Liegt wohl behütet im Museum des Werder Bremen: die "Papierkugel Gottes".
Liegt wohl behütet im Museum des Werder Bremen: die "Papierkugel Gottes". (©picture-alliance/ dpa 2016)

Das Runde muss ins Eckige, ein Spiel dauert 90 Minuten und bietet reichlich Zeit für verrückte Momente. Wir haben 7 besonders krasse Fußball-Geschichten zusammengesammelt. Kannst Du Dich daran erinnern?

1. Dann spiel doch selbst!

Bei einem Spiel des englischen Erstligisten West Ham United im Sommer 1994 baut sich hinter Trainer Harry Redknapp ein tätowierter Skinhead auf und beleidigt die Spieler. Redknapp in der Halbzeit: "Kannst du so gut spielen, wie du redest?", und schickt den Fan aufs Feld. Einem Journalisten erklärt Redknapp: "Das ist der großartige Bulgare Tittyschew! Hast du ihn bei der WM gesehen?" Der Einwechselspieler von der Tribüne schoss sogar ein Tor für West Ham.

2. Nach 32 Minuten ist Schluss

Schiedsrichter Wolf-Dieter Ahlenfelder pfeift beim Bundesliga-Match Werder Bremen gegen Hannover 96 am 8. November 1975 zum Pausentee – nach nur 32 Minuten. Der Grund: Ahlenfelder hat sich vor dem Spiel ein paar Pils plus Malteser genehmigt und fühlte sich entsprechend. Als sein Linienrichter auf die Uhr deutet, lässt Ahlenfelder doch weiterspielen – und beendet die ersten 45 Minuten 90 Sekunden zu früh.

3. Ein Schiri zeigt sich Rot

 Ein englischer Schiedsrichter hat sich einfach selbst die Rote Karte gezeigt. fullscreen
Ein englischer Schiedsrichter hat sich einfach selbst die Rote Karte gezeigt. (©CC: Flickr/Ian Burt 2016)

Als Andy Wain beim Sunday League-Amateurkick im Jahr 2005 übel beschimpft wird, kommt es zum Eklat.
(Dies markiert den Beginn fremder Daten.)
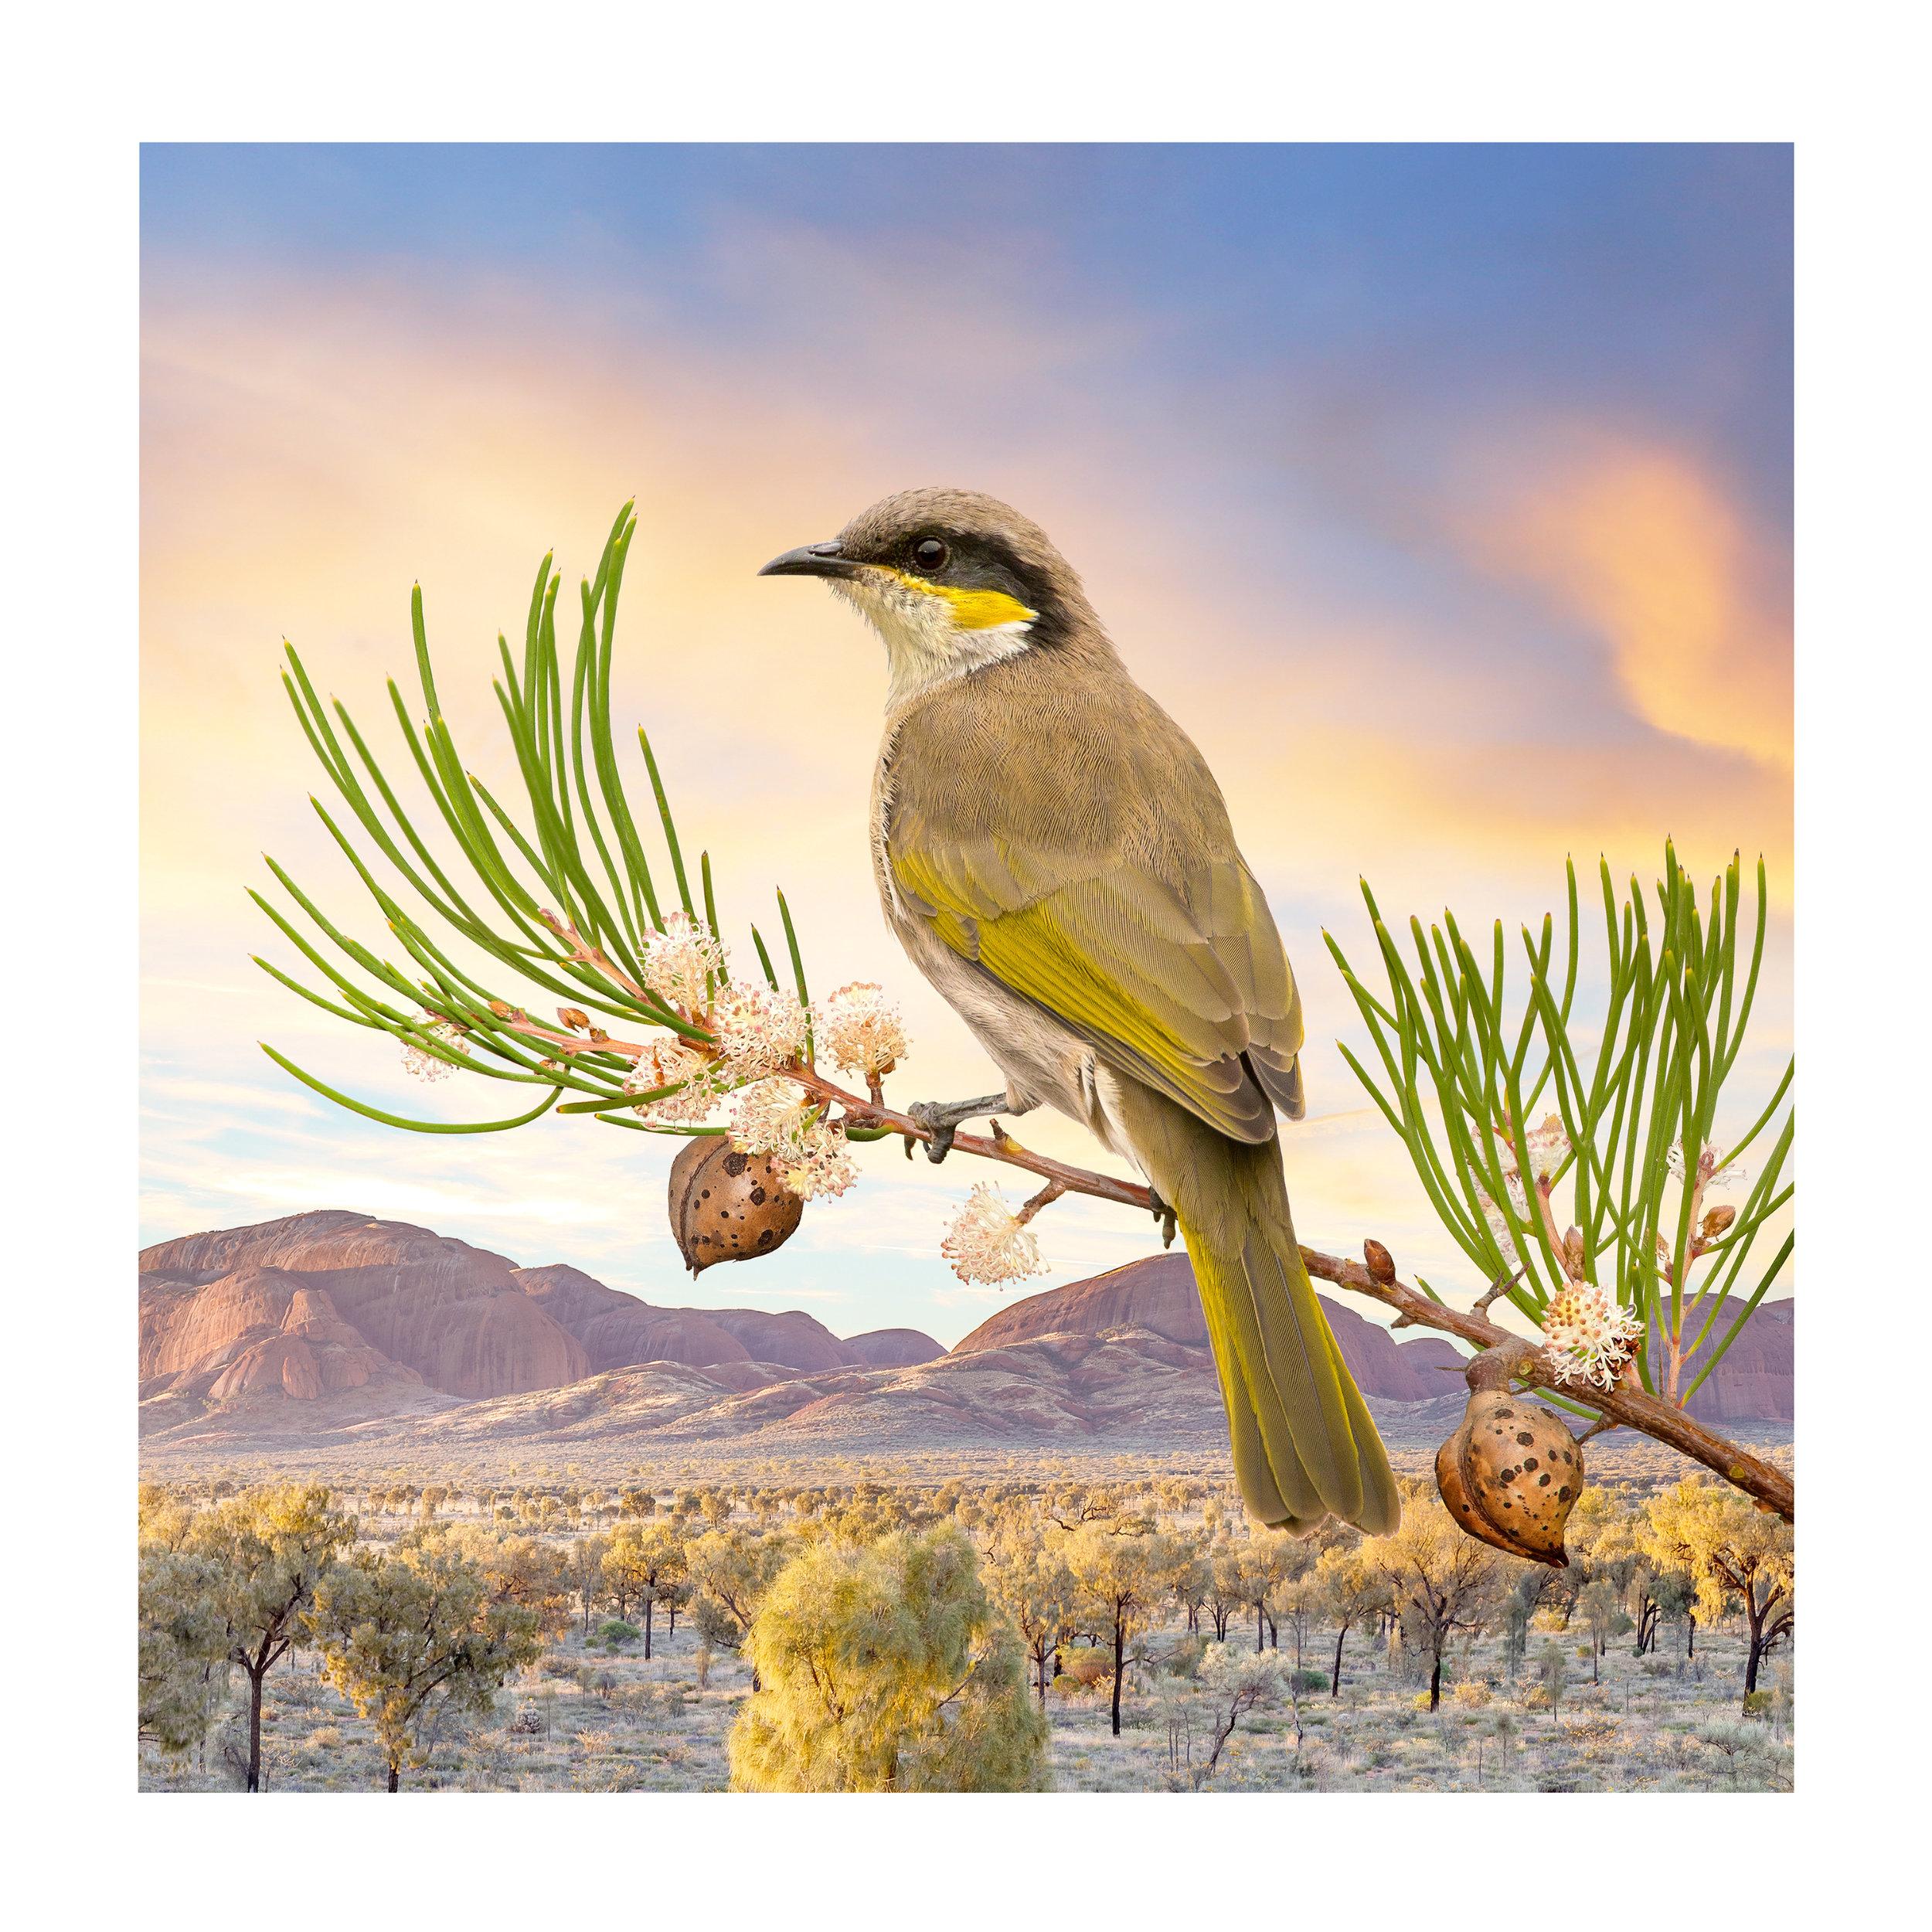 Gavicalis virescens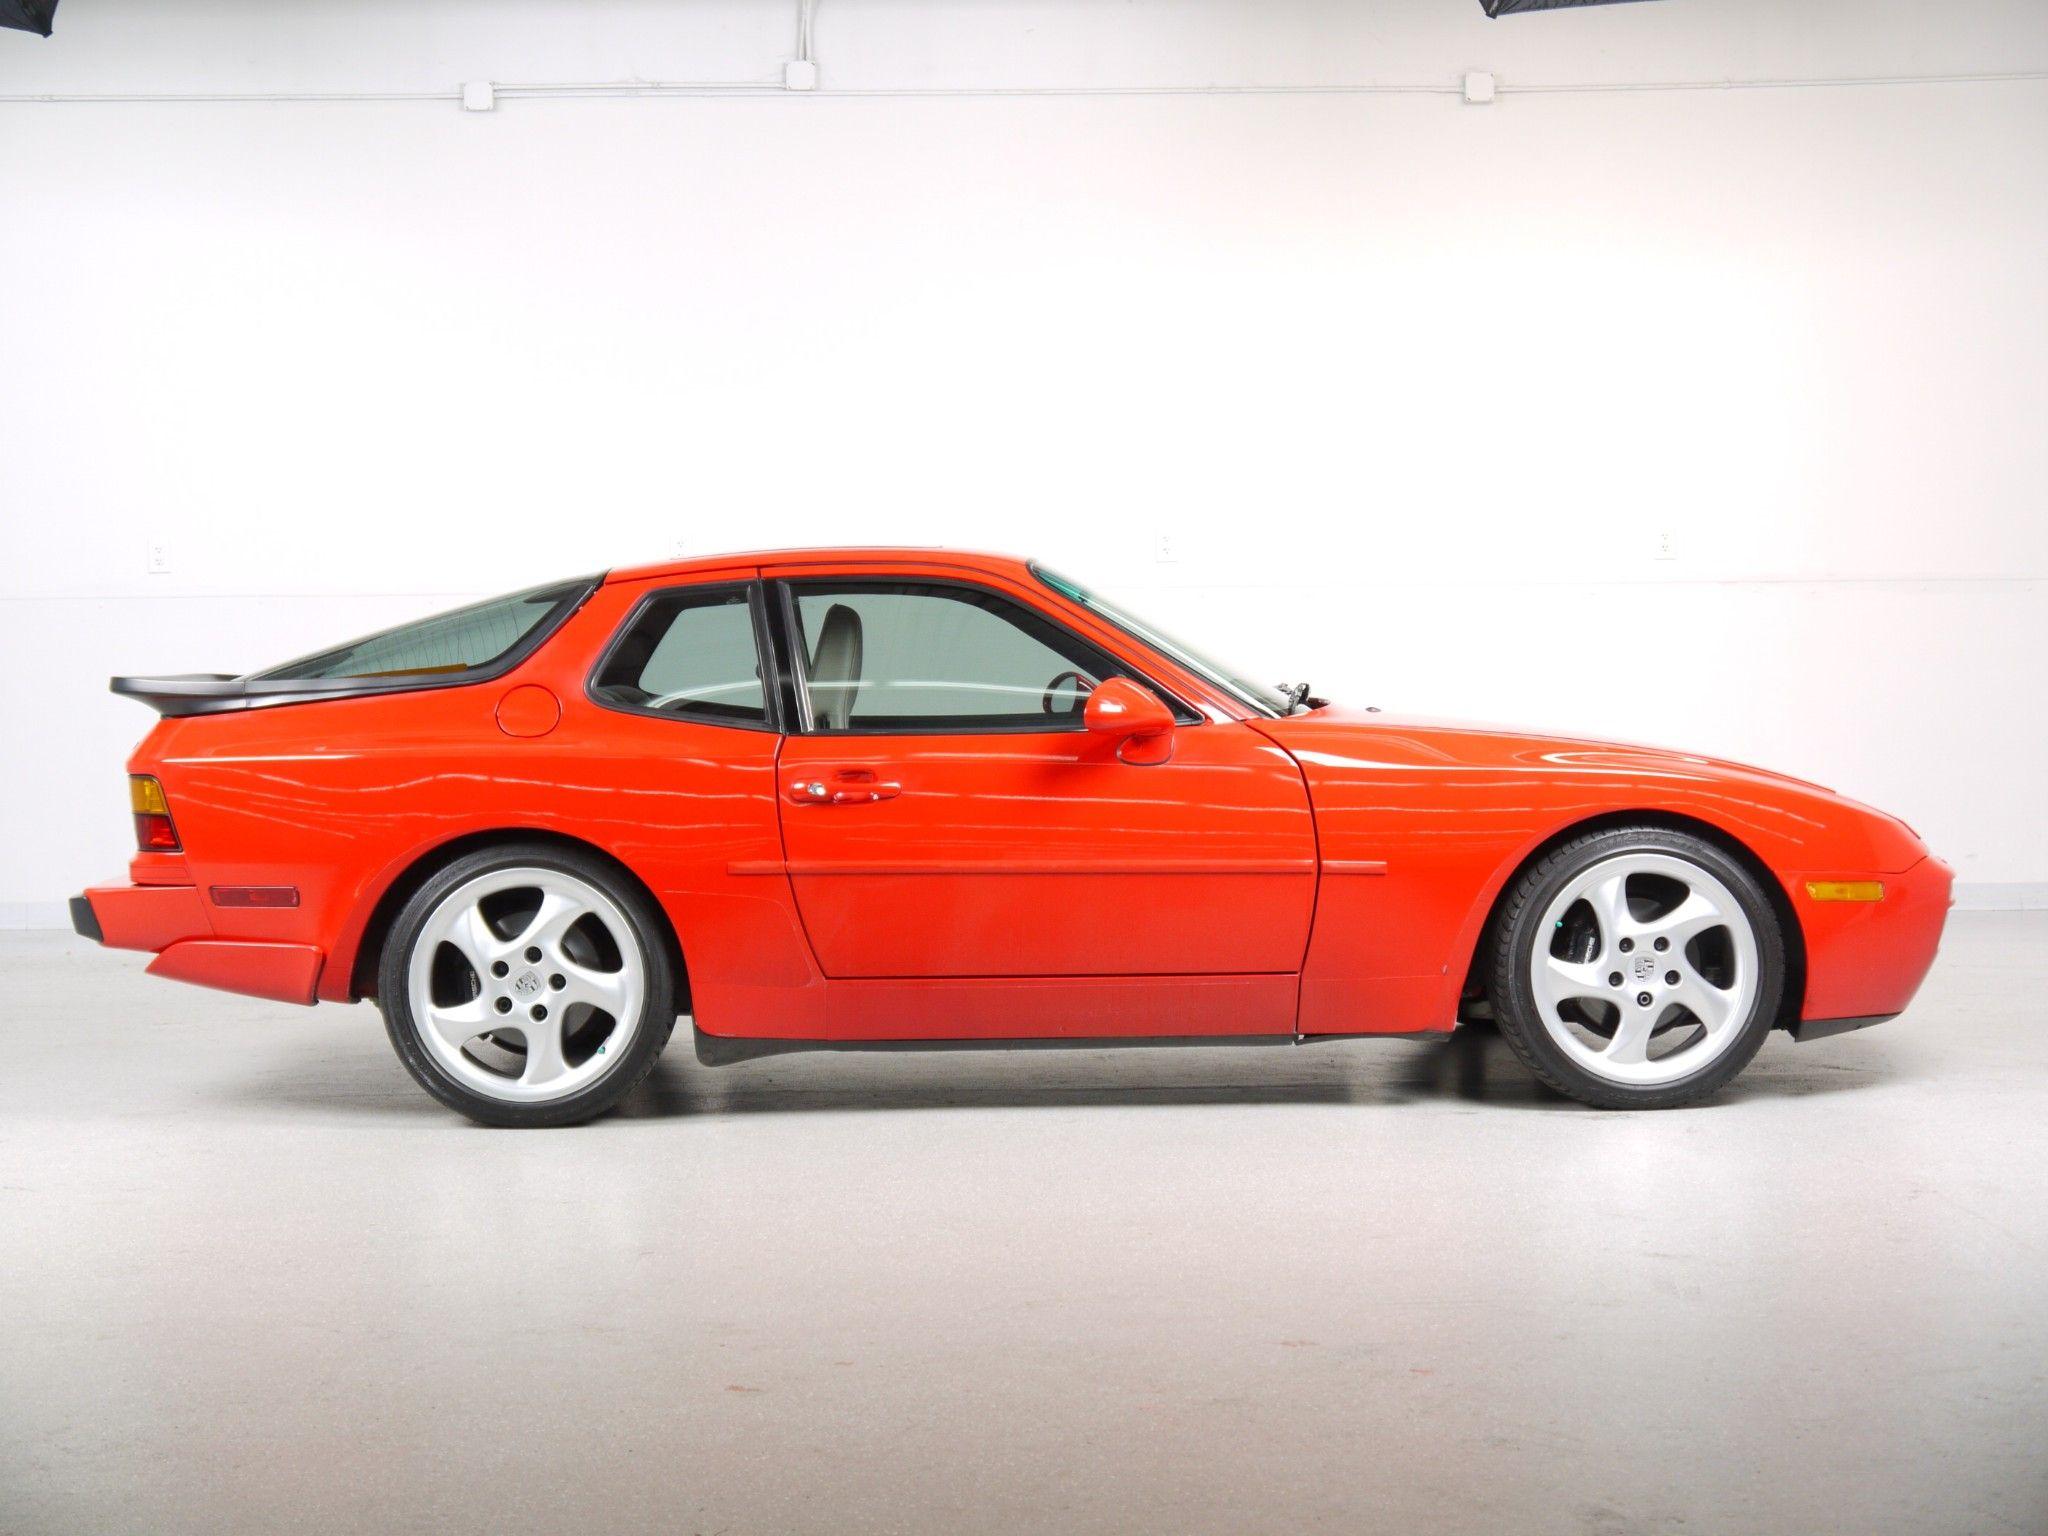 1987 Porsche 944 Turbo Porsche 944 Porsche Porsche 924

Der Schiedsrichter wirft seine Pfeife weg und marschiert mit geballten Fäusten auf den Schlussmann zu. Auf dem Weg dorthin allerdings stoppt Wain abrupt. Dann zückt er seine Rote Karte und verweist sich selbst des Feldes. "Es war völlig unprofessionell", kommentiert Wain seinen Ausraster später.

4. Die Papierkugel Gottes

Als der Hamburger Abwehrspieler Michael Gravgaard am 7. Mai 2009 beim Spiel gegen Bremen den Ball zu seinem Torwart passen will, rollt der gegen eine Papierkugel, die auf den Platz geworfen wurde. Der Ball hebt ab und Gravgaard kann nur noch zur Ecke klären, die zum Siegtor für Werder führt. Die "Papierkugel Gottes" liegt nun im Museum des Vereins.

5. Paraden mit gebrochenem Handgelenk

Der brasilianische Nationaltorwart Marcos Roberto Silveira Reis, genannt Marcos, hat im Lauf der WM-Endrunde 2002 in Japan und Südkorea täglich mit Schmerzen zu kämpfen: Er kann kaum trainieren oder bei Spielen den Ball richtig packen. Kein Wunder, Marcos hat sich das Handgelenk gebrochen. Immer wieder will er seinem Trainer Felipe Scolari von seinem Missgeschick berichten, aber er schafft es nicht. So wird ein Torwart mit kaputtem Handgelenk Weltmeister. Torhüter des Turniers wird übrigens Oliver Kahn.

6. Tiiiiiiiiiiinnnnaaaa

Am frühen Morgen des 25. September 1980 wird der englische Nationaltorwart Peter Shilton halb nackt schlafend in seinem Jaguar aufgefunden. Neben ihm liegt Tina Street. Der Mann, der die beiden vorfindet, ist Tinas Ehemann Colin. Als dieser das schlummernde Pärchen weckt, lässt Shilton den Wagen an, rast los und kracht gegen einen Laternenpfahl. Bei Auswärtsspielen muss er sich seither das "Tiiiiiiiiiiinnnnaaaa!" der gegnerischen Fans anhören.

7. Schnellste Rote Karte

Im Spiel gegen Darlington am 24. November 1999 flog Walter Boyd nach null Sekunden Einsatzzeit vom Platz. Boyds Klub FC Swansea hatte einen Freistoß zugesprochen bekommen, als Boyd eingewechselt wurde. Bevor der Schiedsrichter die Partie anpfiff, schlug er einem Gegner den Ellenbogen ins Gesicht und sah die Rote Karte.